The criminologist also contended that “prison is not cheap”, as she presented a crude calculation, in which took the figure of $29,324,293 given in the 2016-17 Estimates of Expenditure for prison expenditure and added to it the $20 million paid every January to the builders of Dodds prison, then divided it by the total prison population of 950 inmates, as of April this year.

“It comes to $53,631.58. That’s the approximate cost to keep one man in prison a year.

“I know Barbadians who don’t work for that,” Forde said.

However, she suggested that it was the Barbadian public and not the authorities who were responsible for the heavy financial load since, she said, cries were often heard of, “lock he up man, lock he up”.

Forde, a criminologist with 24 years experience, cautioned against mass imprisonment, saying “very often [prisoners] come out worst than when they went in; and two-thirds of them return to prison”.

She stressed the need for “real crime prevention work”.

“This erroneous perspective is certainly reflected in the budgetary allocations of funds, which see far more money being spent on security hardware, policing paraphernalia and other ‘response requirements’ like prison, rather than activities and programming that address many of the factors that predispose persons to criminal behaviour,” she said.

9 Responses to High price

  1. Lennox hewitt September 27, 2016 at 11:28 pm

    It’s a lot of money a year i got a sudjesion then hang d murderers that,on deaf row and that would subtract de money .

  2. Sharon Woolley
    Sharon Woolley September 28, 2016 at 2:07 am

    Hang the murderers, that will save a lot of $

  3. Hal Austin September 28, 2016 at 2:41 am

    If these figures are correct, it is not a surprise. We need more forms of sentencing, including sentencing teenagers to educational classes.
    What is the educational level of the average prisoner? What is the unemployment rate? How many are homeless, or badly housed?
    We must not punish poverty. In the final analysis, the forms of punishment we prefer are rooted in the socially divisive, vulgar, aggressive and violent Barbadian culture.
    At root we fear a return to poverty.

  4. Hal Austin September 28, 2016 at 2:57 am

    Sharon Woolley, I rest my case. Barbarism comes in many forms.

  5. Joy September 28, 2016 at 4:30 am

    THE COST OF NOT IMPRISONING THEM IS MUCH HIGHER. A recently released Peter Bradshaw after serving a sentence for murder is back in custody for gun and drug offences. I’m assuming the gun was not intended to teach Sunday school.
    A man deported to Barbados after serving a sentence for a double murder killed a woman here.
    There are more important considerations than money.
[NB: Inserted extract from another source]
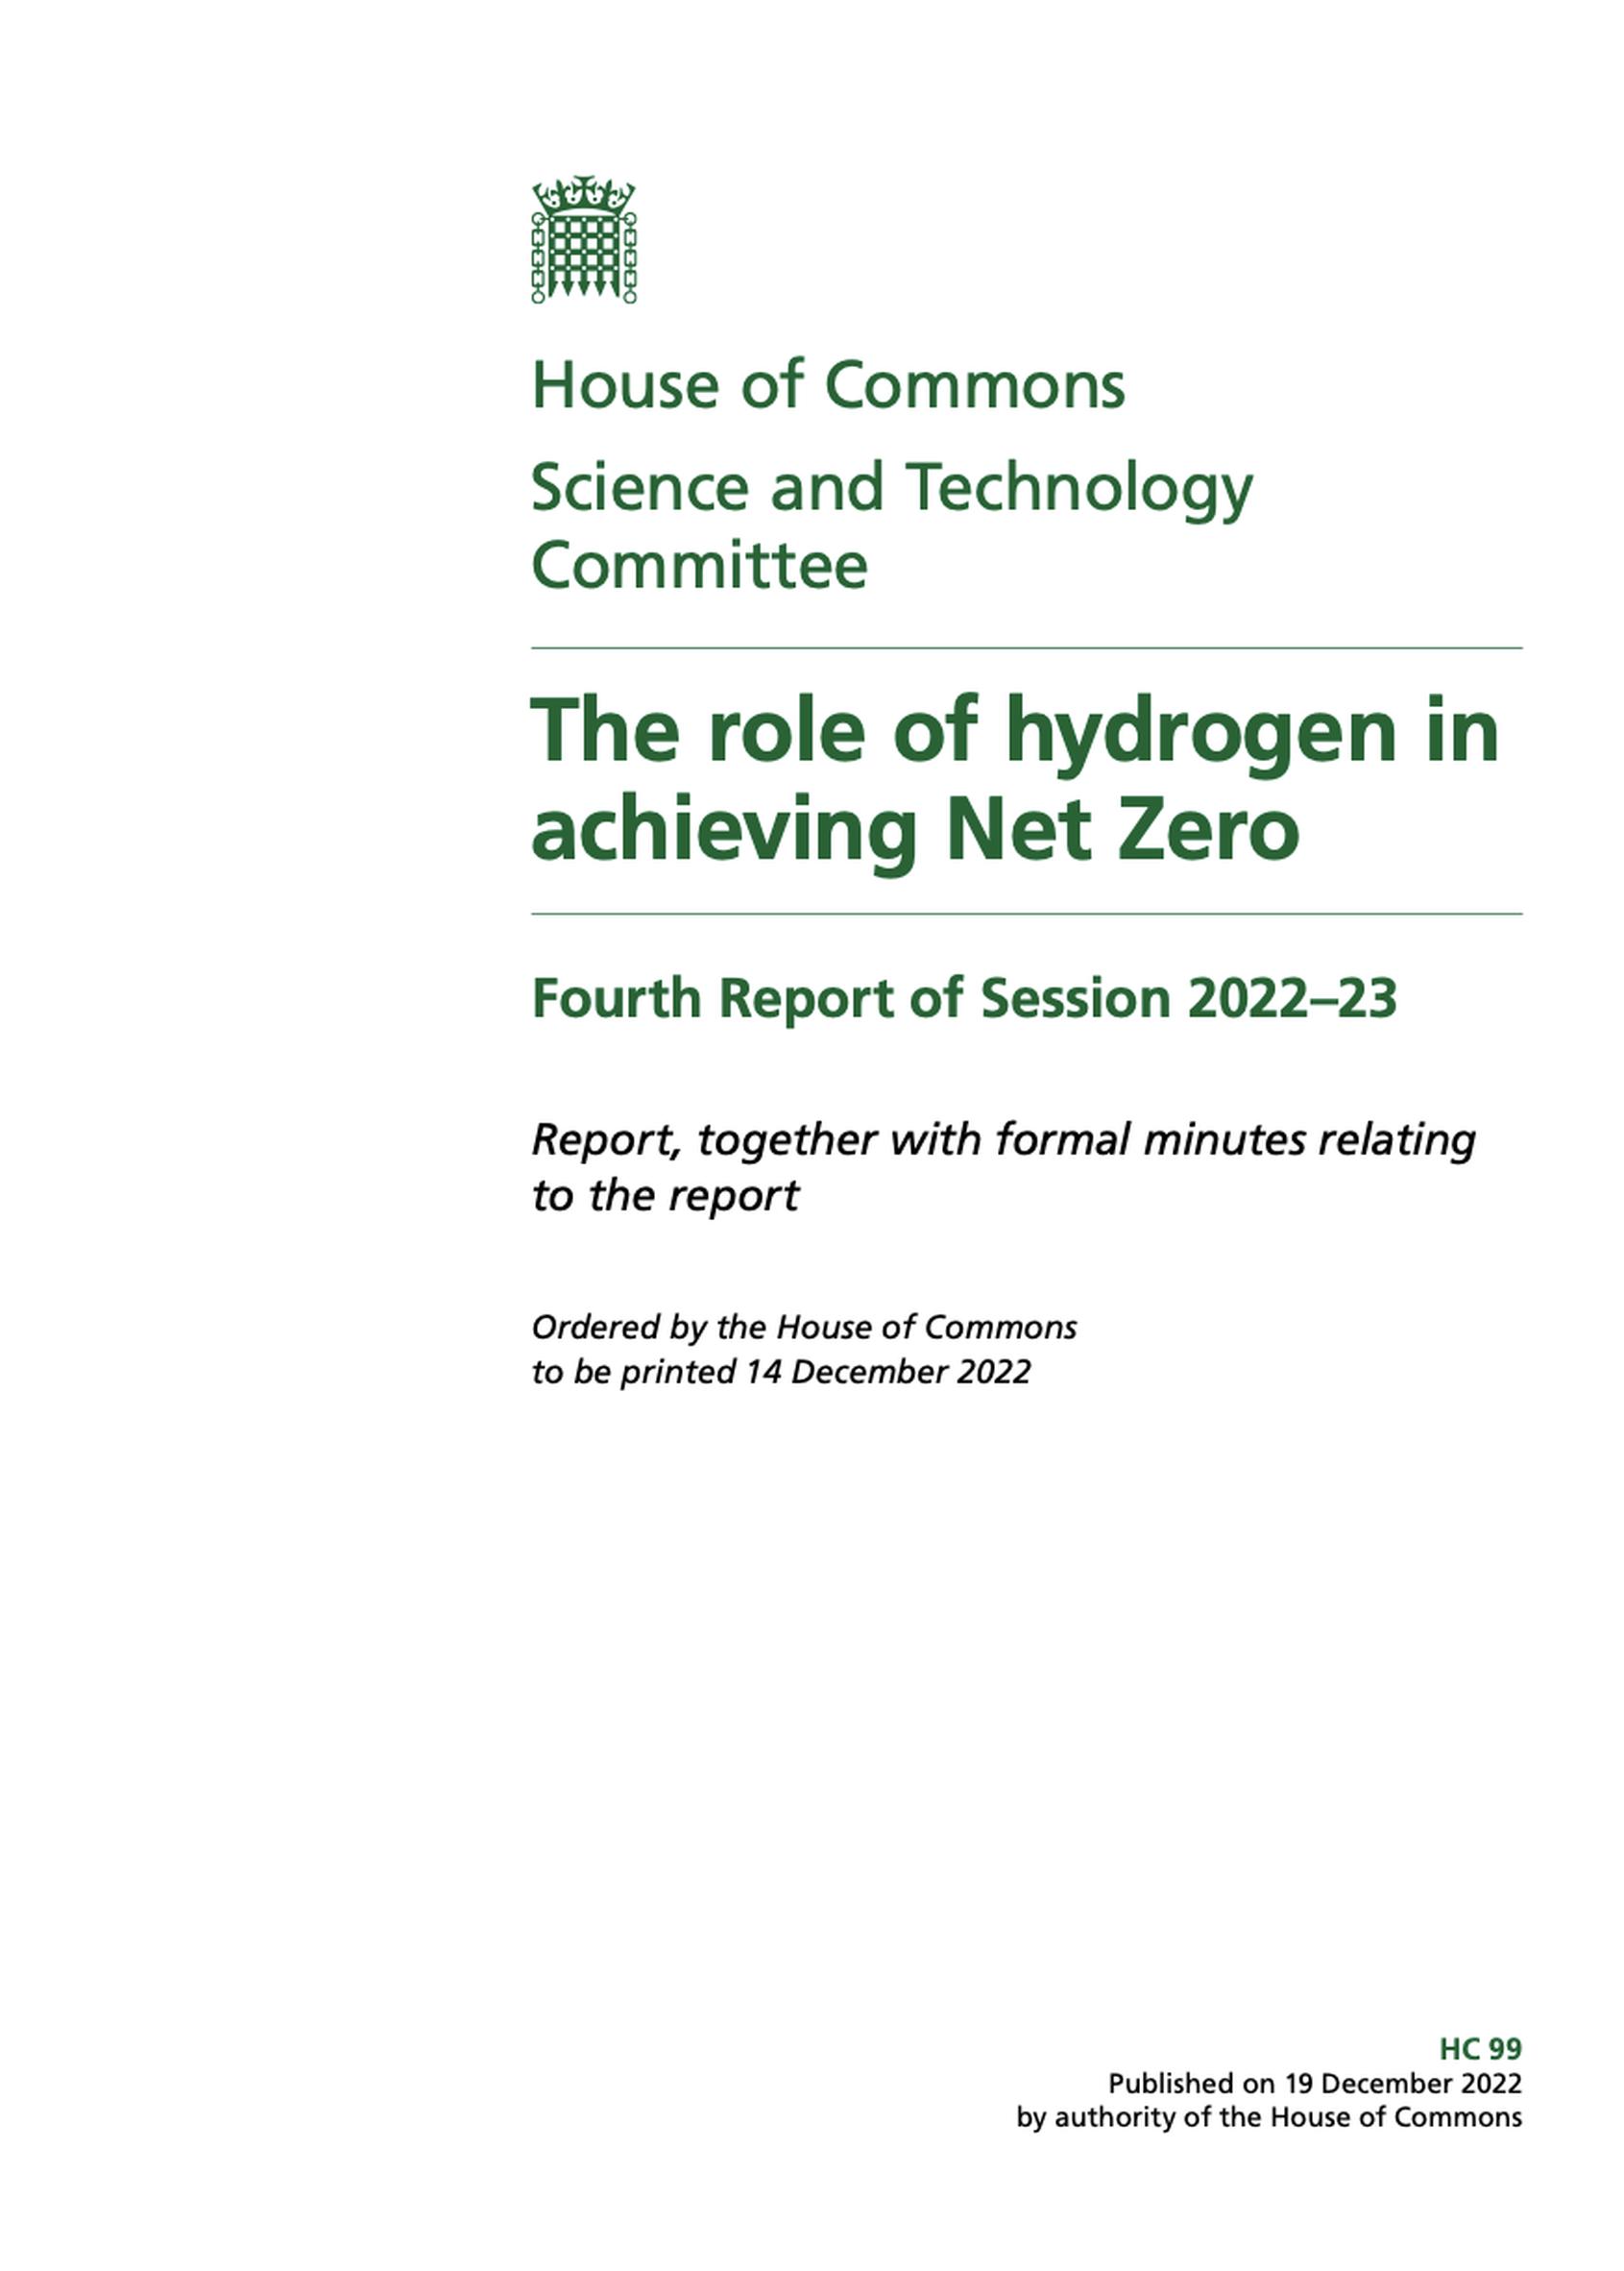 The role of hydrogen in achieving net zero

    It’s also misleading to not tell people that the cost of keeping the prisoner includes the salary paid to the prison officer.
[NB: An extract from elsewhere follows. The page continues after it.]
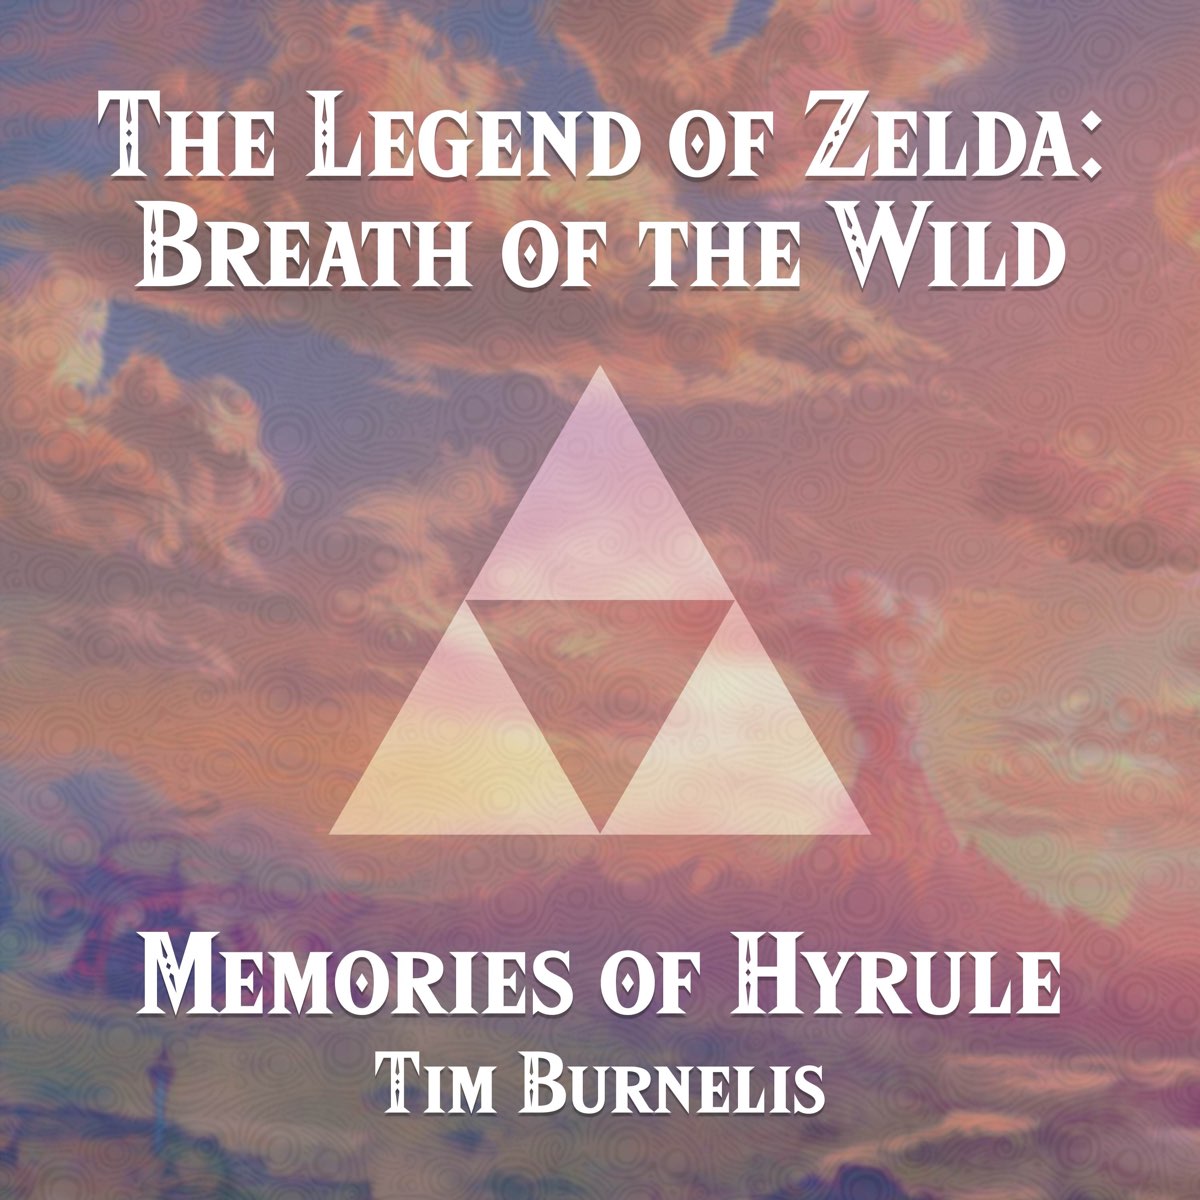 Memories of a Sacred Sword (From the Legend of Zelda: Breath of the Wild)  [Piano Cover] - Single - Album by Tim Burnelis - Apple Music
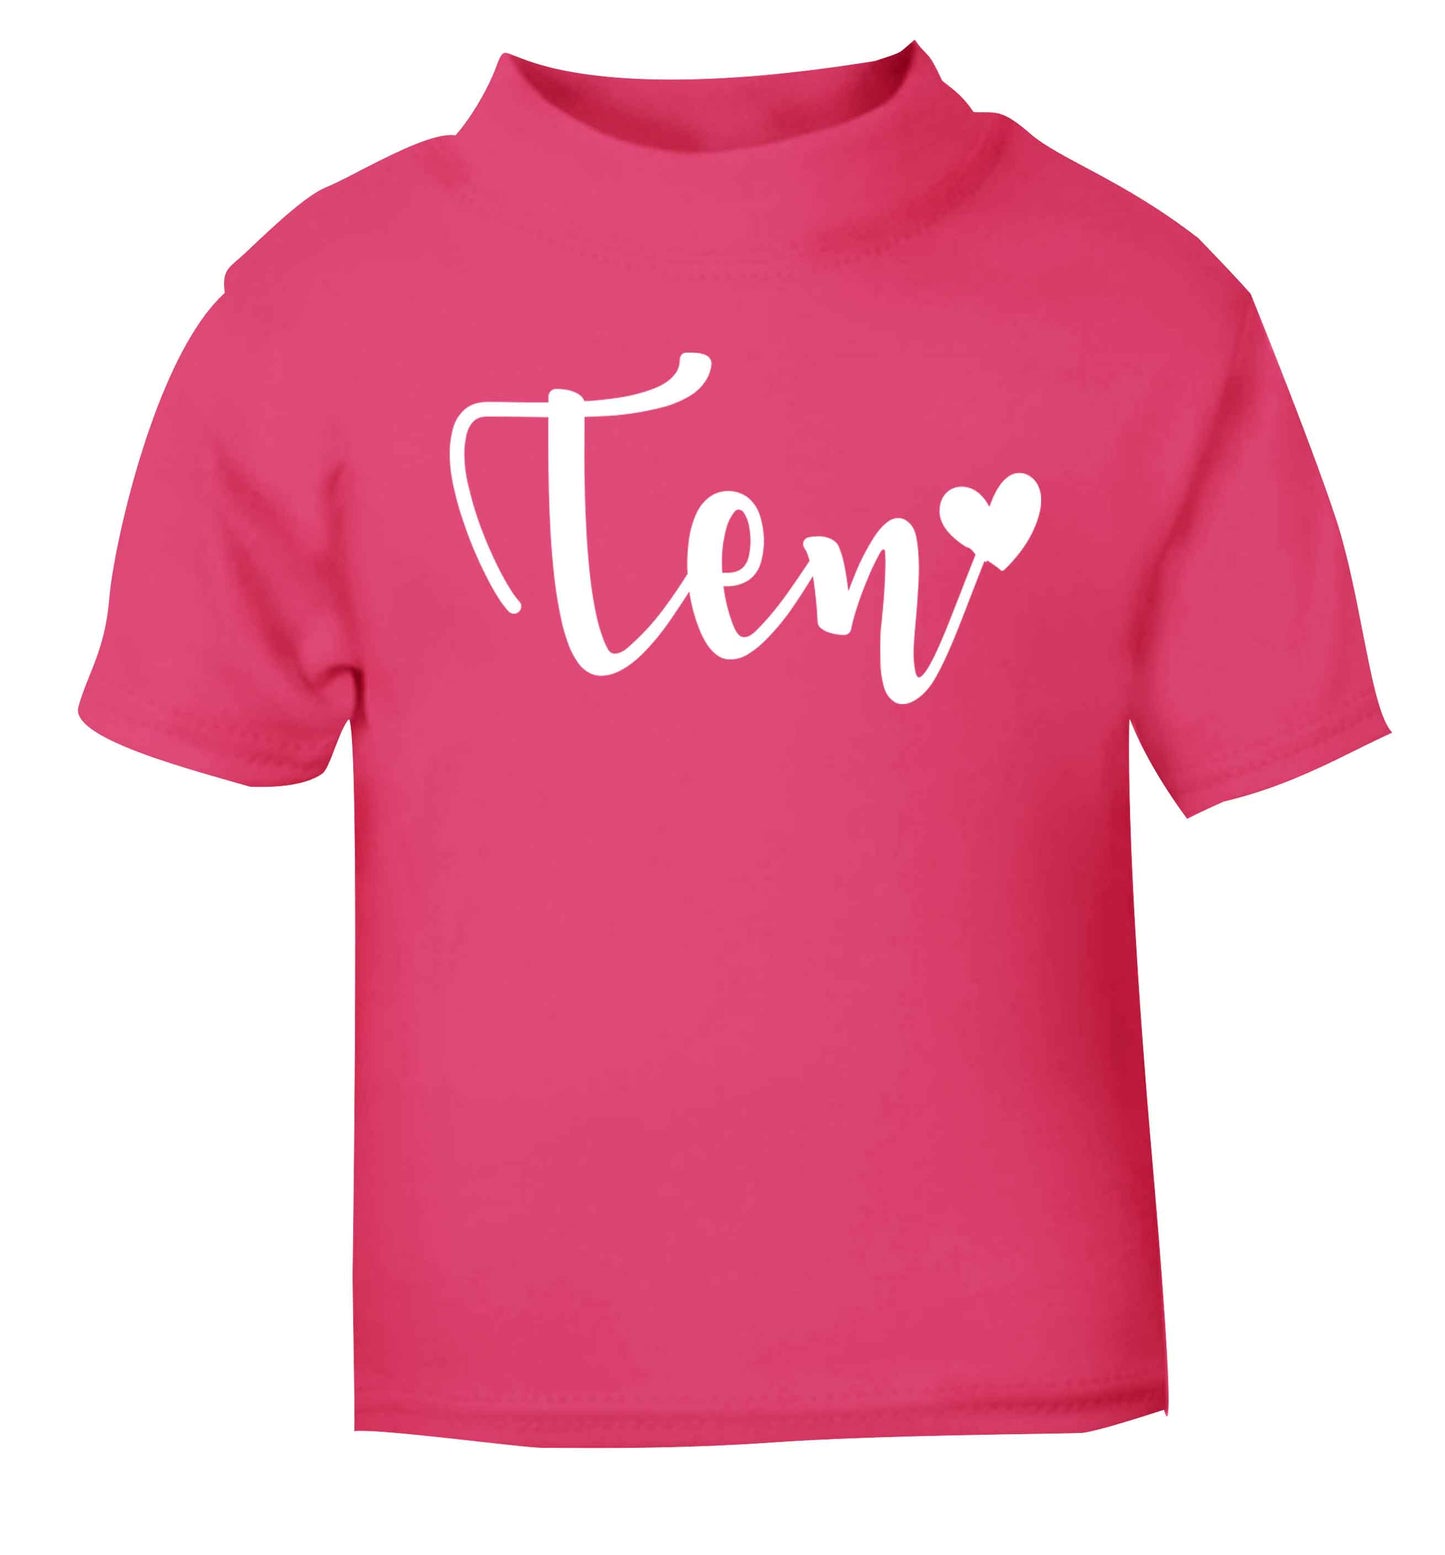 Ten and heart pink baby toddler Tshirt 2 Years

  6. jrsmith September 28, 2016 at 5:53 am

    Simple issues in every parts of society , which is enforced all around the educated world by off the shelve technology , hasn’t even been given the chance by our non visioned ,non productive government who is making life very ,very hard for our people…
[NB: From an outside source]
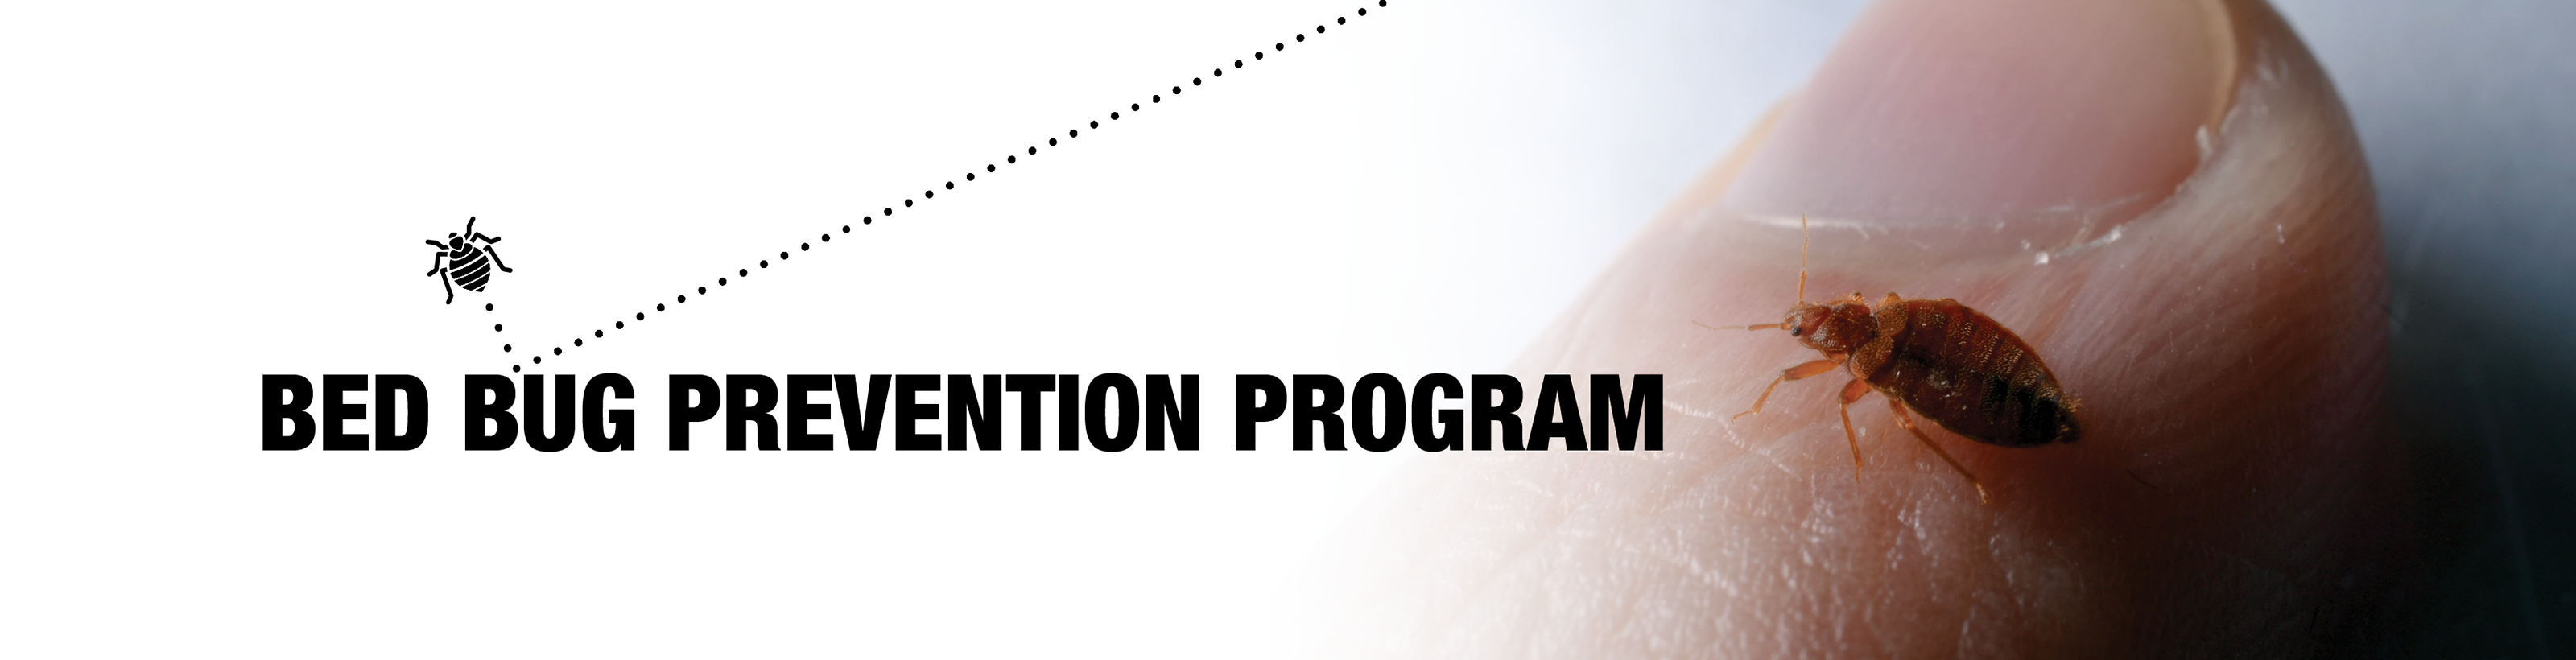 Bed Bug Prevention Program header with an image of a bed bug

    Our judiciary as like everything involving our politicians/ government seems just to lack the will that something should be done.
    As I said before , when granting bail … 25% should be paid in cash this stays within the system , if you are guilty you loose that ..
    Lots of cases the persons can be electronically tagged , and monitored , this is saving space , money and time.. Our black politicians just cannot manage our island…..

  7. Donild Trimp September 28, 2016 at 10:03 am

    Yolande Forde is absolutely correct.

    People are being sent to prison for frivolous things, eg: 5 months for accidentally damaging a glass at Cheffette.

    Imprisoning people for frivolous offenses makes no sense.

    A waste of taxpayers money.

  8. Joy September 30, 2016 at 11:41 am

    If the Chefette glass was accidentally damaged then the person who did so would have offered to compensate Chefette and it would have been a civil matter not a criminal one. get your facts and come again.

  9. Rasta Wain August 19, 2017 at 8:01 pm

    Thanks for chairing and sharing, this is right on point.